V-Day: The day boys became friends and friends became enemies

So I should have posted this Friday, but I was en route to my own Valentine’s Day celebration in south Louisiana – a Star Wars marathon, complete with both Ewok movies.


My honey sent my goodies on Monday so I could enjoy them the whole week.

Three days late and a dozen roses short, I guess.

Anyway,  the weather that was Icepocalypse 2014 was over just in time for thousands of roses to make their way to the desks of women everywhere.

It’s Valentine’s Day – the day our calendars remind us to tell our significant other that they mean something to us be it through an elaborate spray of roses, dinner date or nocturnal activity.

That’s all well and good, but let’s be honest.
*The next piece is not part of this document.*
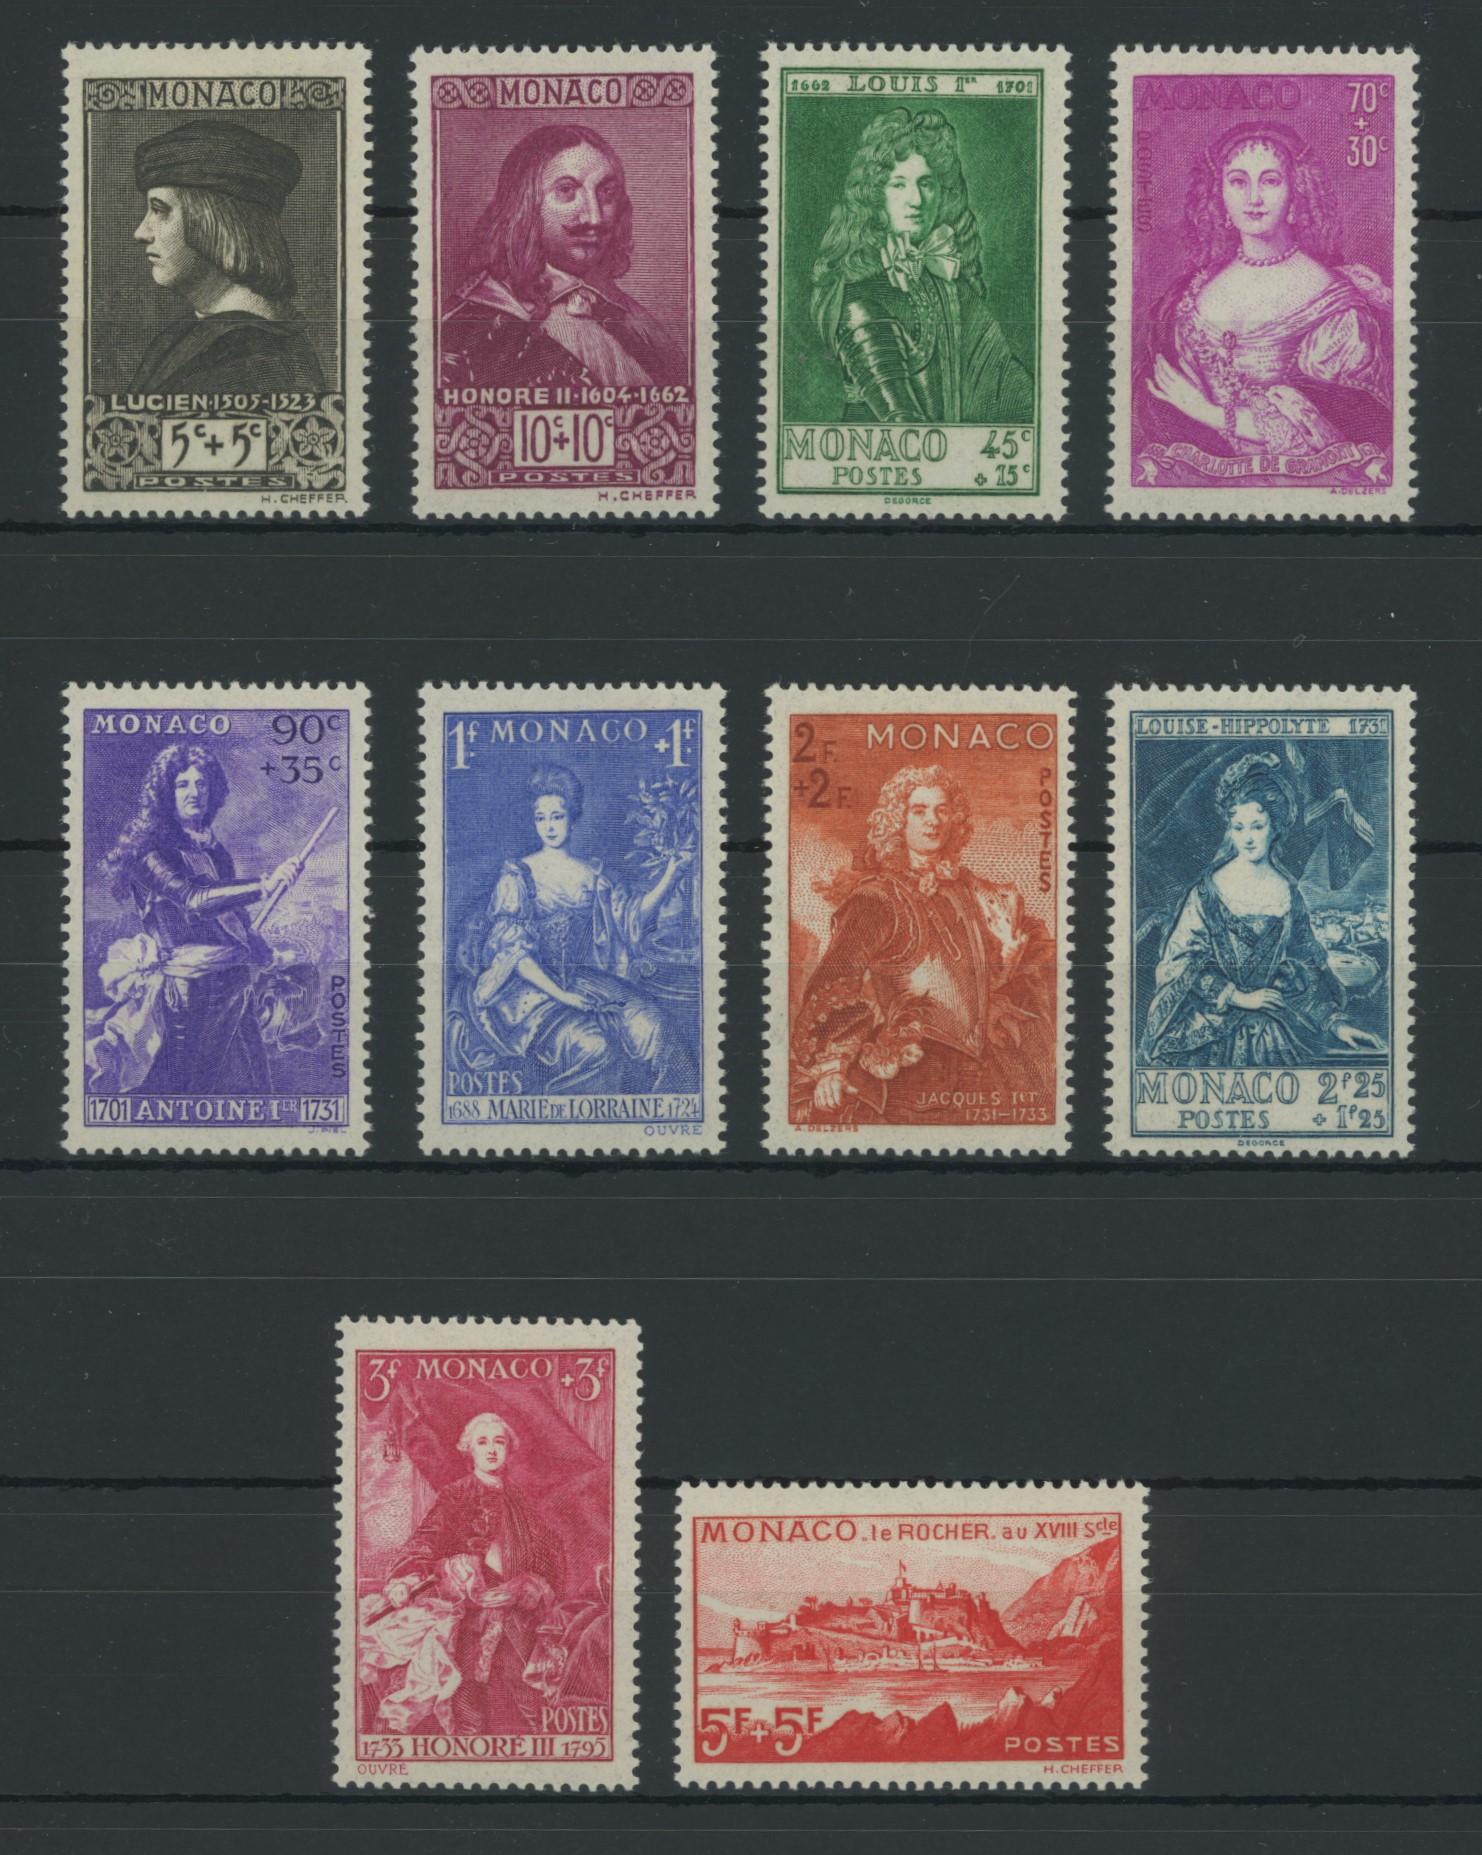 Lot 2350 - Monaco (Michel)  -  Skanfil Auksjoner AS  Public auction 211

It’s Valentine’s Day that is the day we as women learned just how complicated relationships can be, the day we learned the opposite sex would either surprise or disappoint, the day we learned to dislike our own friends.

And it all goes back to the innocence of elementary school for it was on this day that those envelopes made of paper plates graced the walls of our classrooms and we learned just who was crushing on who.

I remember what a big deal it was going to Walmart to pick out cards to take to school. Selection was so important – we were all judged based upon what cartoon character was on those cards.

Though I have no recollection of what I chose, I’m sure I strayed from the typical girl character and went for He-Man or Transformers.

At any rate, once cards had been chosen, there was the stress of choosing just the right card for that crush. And unlike the rest of the cards, where you simply wrote “to” and “from”, this one might have a carefully drawn heart or other special inscription.

When we arrived at school, we “delivered” our cards and were forced to wait until the afternoon to learn if our crushes were reciprocated. There was no greater feeling than opening the card from that cute boy to find he had carefully signed his own name “with love.”

There was also no greater heartbreak to find it was his mother who had signed his name and his personal note was on the card that belonged to your best friend.

The first scenario played out well with a quick kiss on the cheek in the tunnel at final recess. (For those of you who don’t know about the “tunnel”, it’s common practice in the south that concrete culverts are placed on school playgrounds as “equipment.” They really serve no purpose other than an awkward first kiss.)

The latter – we found ourselves crying on the shoulder of the girl who, just a few hours earlier, was an enemy but now our best friend because our previous best friend was in the tunnel with our crush.

As we grew up, things didn’t change much. In middle school, the kiss on the cheek progressed to the lips or we made more frienemies. In high school, we got a single rose or stuffed animal at school which led to a skipped class or even more of those frienemies. As adults, we get a dozen roses at work, which leads to us having a headache later or comparing our arrangements to the woman at the next desk.

I suppose I should drop the cynicism. I write this as the sweet smell of a dozen red roses wafts through the newsroom, and this time there’s no one crying in the bathroom.